Я пытаюсь найти лучшее значение max_depth, используя следующий код
library(h2o)
h2o.init()
# import the titanic dataset
df <- h2o.importFile(path = "http://s3.amazonaws.com/h2o-public-test-data/smalldata/gbm_test/titanic.csv")
dim(df)
head(df)
tail(df)
summary(df,exact_quantiles=TRUE)
# pick a response for the supervised problem
response <- "survived"
# the response variable is an integer.
# we will turn it into a categorical/factor for binary classification
df[[response]] <- as.factor(df[[response]])
# use all other columns (except for the name) as predictors
predictors <- setdiff(names(df), c(response, "name"))
# split the data for machine learning
splits <- h2o.splitFrame(data = df,
ratios = c(0.6,0.2),
destination_frames = c("train.hex", "valid.hex", "test.hex"),
seed = 1234)
train <- splits[[1]]
valid <- splits[[2]]
test <- splits[[3]]
# Establish a baseline performance using a default GBM model trained on the 60% training split
# We only provide the required parameters, everything else is default
gbm <- h2o.gbm(x = predictors, y = response, training_frame = train)
# Get the AUC on the validation set
h2o.auc(h2o.performance(gbm, newdata = valid))
# The AUC is over 94%, so this model is highly predictive!
[1] 0.9480135
# Determine the best max_depth value to use during a hyper-parameter search.
# Depth 10 is usually plenty of depth for most datasets, but you never know
hyper_params = list( max_depth = seq(1,29,2) )
# or hyper_params = list( max_depth = c(4,6,8,12,16,20) ), which is faster for larger datasets
grid <- h2o.grid(
hyper_params = hyper_params,
# full Cartesian hyper-parameter search
search_criteria = list(strategy = "Cartesian"),
# which algorithm to run
algorithm="gbm",
# identifier for the grid, to later retrieve it
grid_id="depth_grid",
# standard model parameters
x = predictors,
y = response,
training_frame = train,
validation_frame = valid,
# more trees is better if the learning rate is small enough
# here, use "more than enough" trees - we have early stopping
ntrees = 10000,
# smaller learning rate is better, but because we have learning_rate_annealing,
# we can afford to start with a bigger learning rate
learn_rate = 0.05,
# learning rate annealing: learning_rate shrinks by 1% after every tree
# (use 1.00 to disable, but then lower the learning_rate)

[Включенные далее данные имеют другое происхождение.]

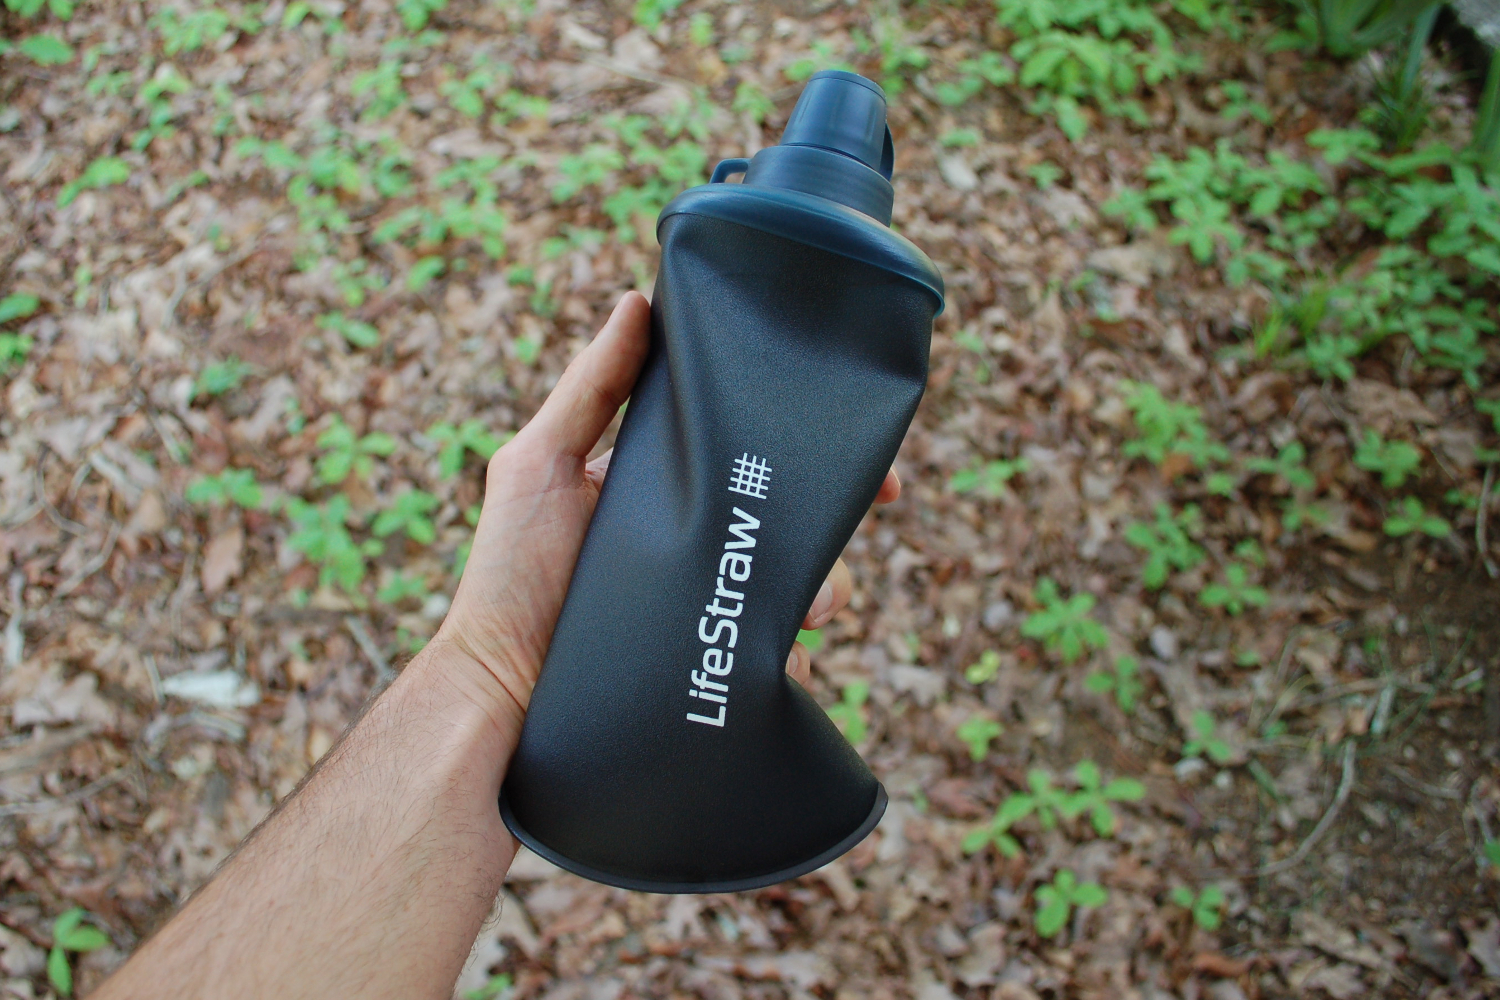 LifeStraw Peak Series Collapsible Squeeze Water Bottle Filter 1L

learn_rate_annealing = 0.99,
# sample 80% of rows per tree
sample_rate = 0.8,
# sample 80% of columns per split
col_sample_rate = 0.8,
# fix a random number generator seed for reproducibility
seed = 1234,
# early stopping once the validation AUC doesn't improve by at least
# 0.01% for 5 consecutive scoring events
stopping_rounds = 5,
stopping_tolerance = 1e-4,
stopping_metric = "AUC",
# score every 10 trees to make early stopping reproducible
# (it depends on the scoring interval)
score_tree_interval = 10)
# by default, display the grid search results sorted by increasing logloss
# (because this is a classification task)
grid
# sort the grid models by decreasing AUC
sortedGrid <- h2o.getGrid("depth_grid", sort_by="auc", decreasing = TRUE)
sortedGrid
# find the range of max_depth for the top 5 models
topDepths = sortedGrid@summary_table$max_depth[1:5]
minDepth = min(as.numeric(topDepths))
maxDepth = max(as.numeric(topDepths))
> sortedGrid
Я получаю следующие ошибки:
- 'NULL' для строки 'h2o.auc (h2o.performance (gbm, newdata = =допустимо)) '
- ' ERRR для поля: _stopping_metric: метрика остановки не может быть AUC для регрессии.'при попытке выполнить функцию' h2o.grid '
Как решить проблемы?
Проблема решена с использованием приведенного выше примера кода.Проблема была в основном потому, что я использовал данные, которые были закодированы.После использования данных без кодирования, а также импорта данных с помощью команды «h2o.importFile» вместо «read.csv» проблемы были решены!